◆ **Work task**
Transcribe nothing except the lines below that run from the one with "Identidad Corporativa D-HACHE" to the one with "Conheça o Microsoft", ends included, and do not copy any picture.

◆ **Dataset extract**
-------

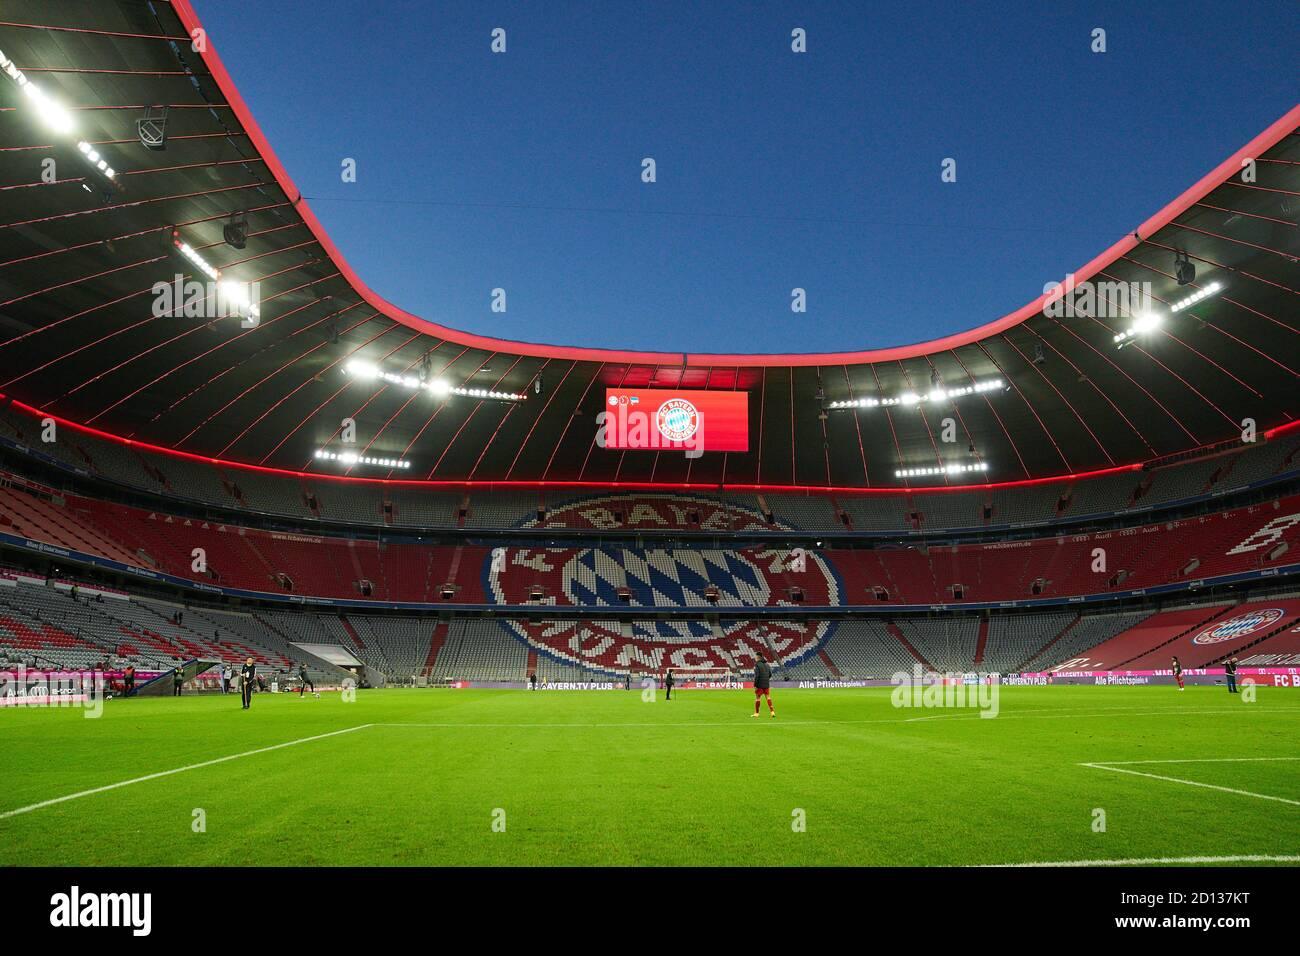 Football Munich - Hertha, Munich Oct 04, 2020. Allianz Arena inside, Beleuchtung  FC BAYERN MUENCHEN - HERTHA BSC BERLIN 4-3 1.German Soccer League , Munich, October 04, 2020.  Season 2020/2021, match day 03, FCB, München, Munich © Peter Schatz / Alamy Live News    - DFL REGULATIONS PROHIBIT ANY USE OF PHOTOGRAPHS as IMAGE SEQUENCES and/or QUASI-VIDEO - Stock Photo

-------

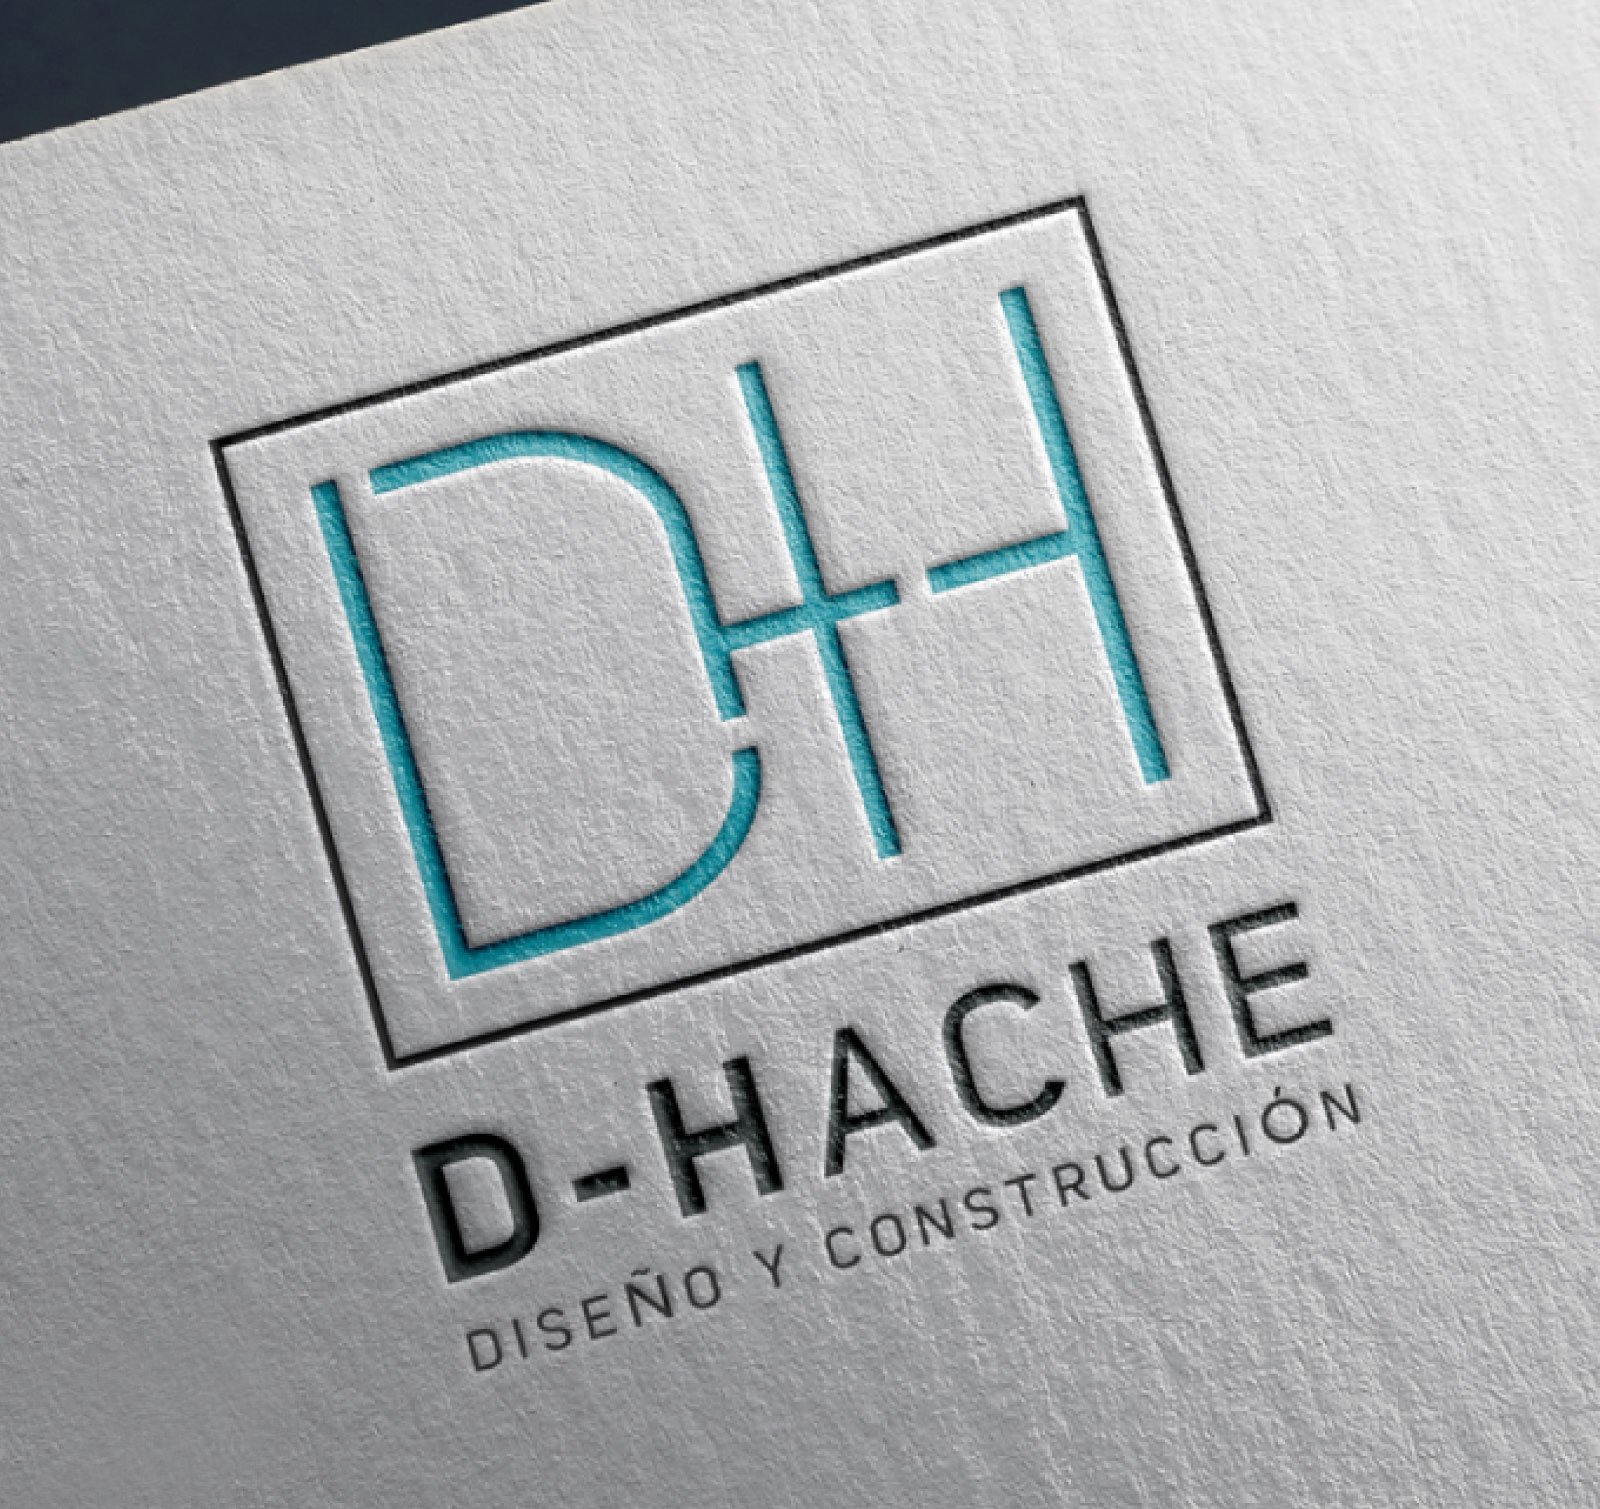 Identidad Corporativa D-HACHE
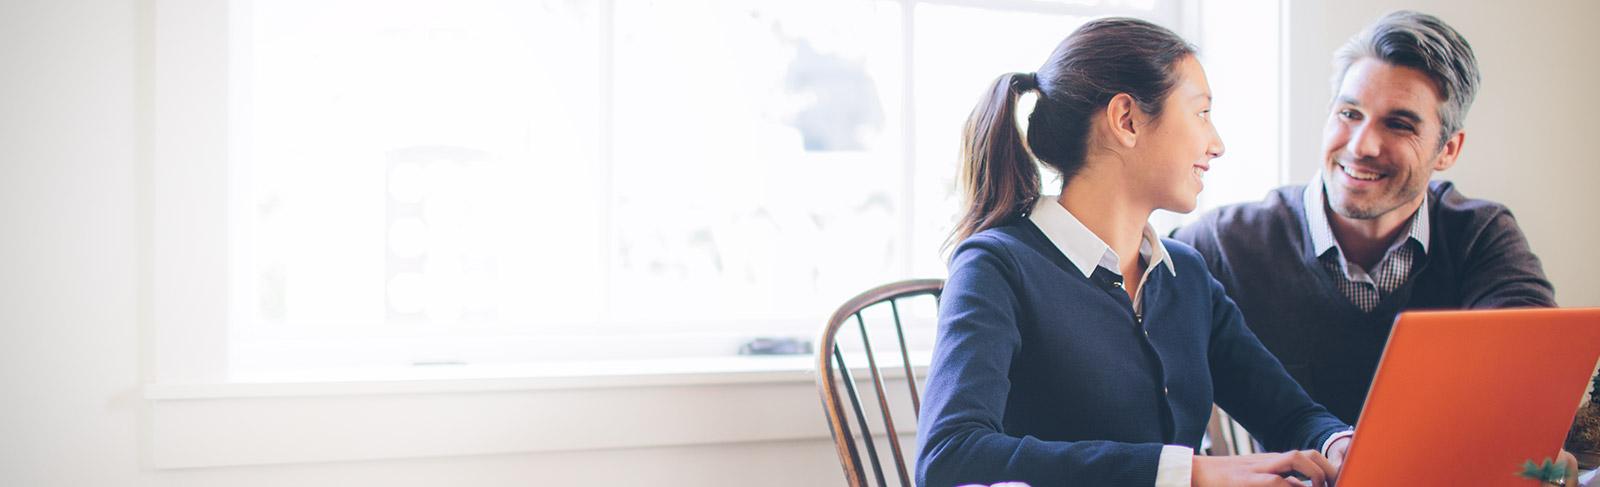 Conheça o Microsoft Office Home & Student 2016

-------

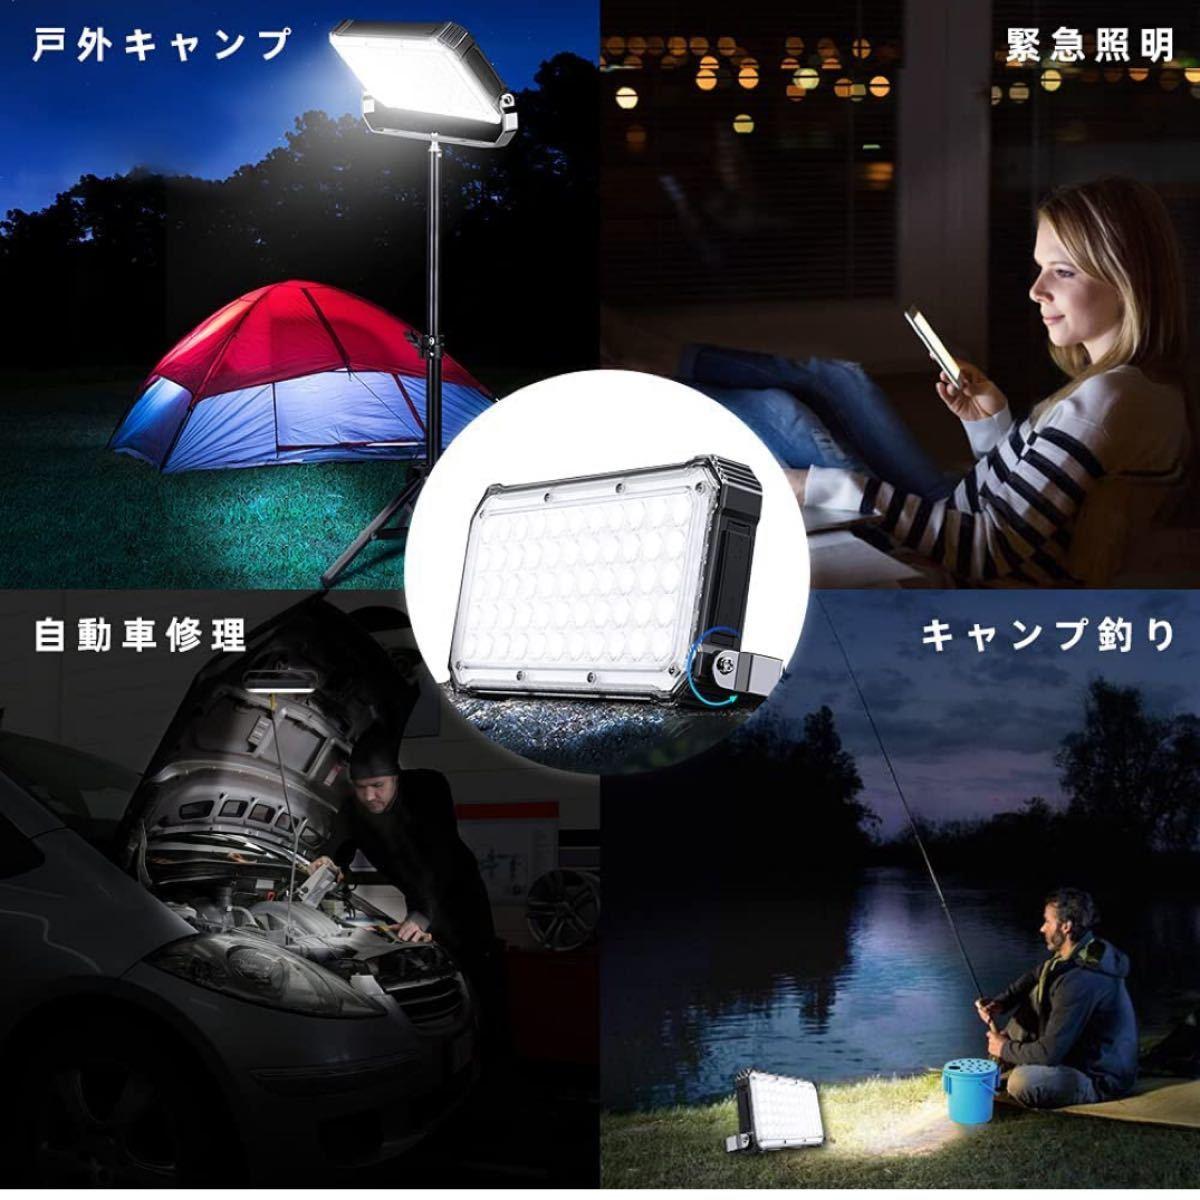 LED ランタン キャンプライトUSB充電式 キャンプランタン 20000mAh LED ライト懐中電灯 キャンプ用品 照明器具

-------

◆ **Written solution**
 Identidad Corporativa D-HACHE
 Conheça o Microsoft Office Home & Student 2016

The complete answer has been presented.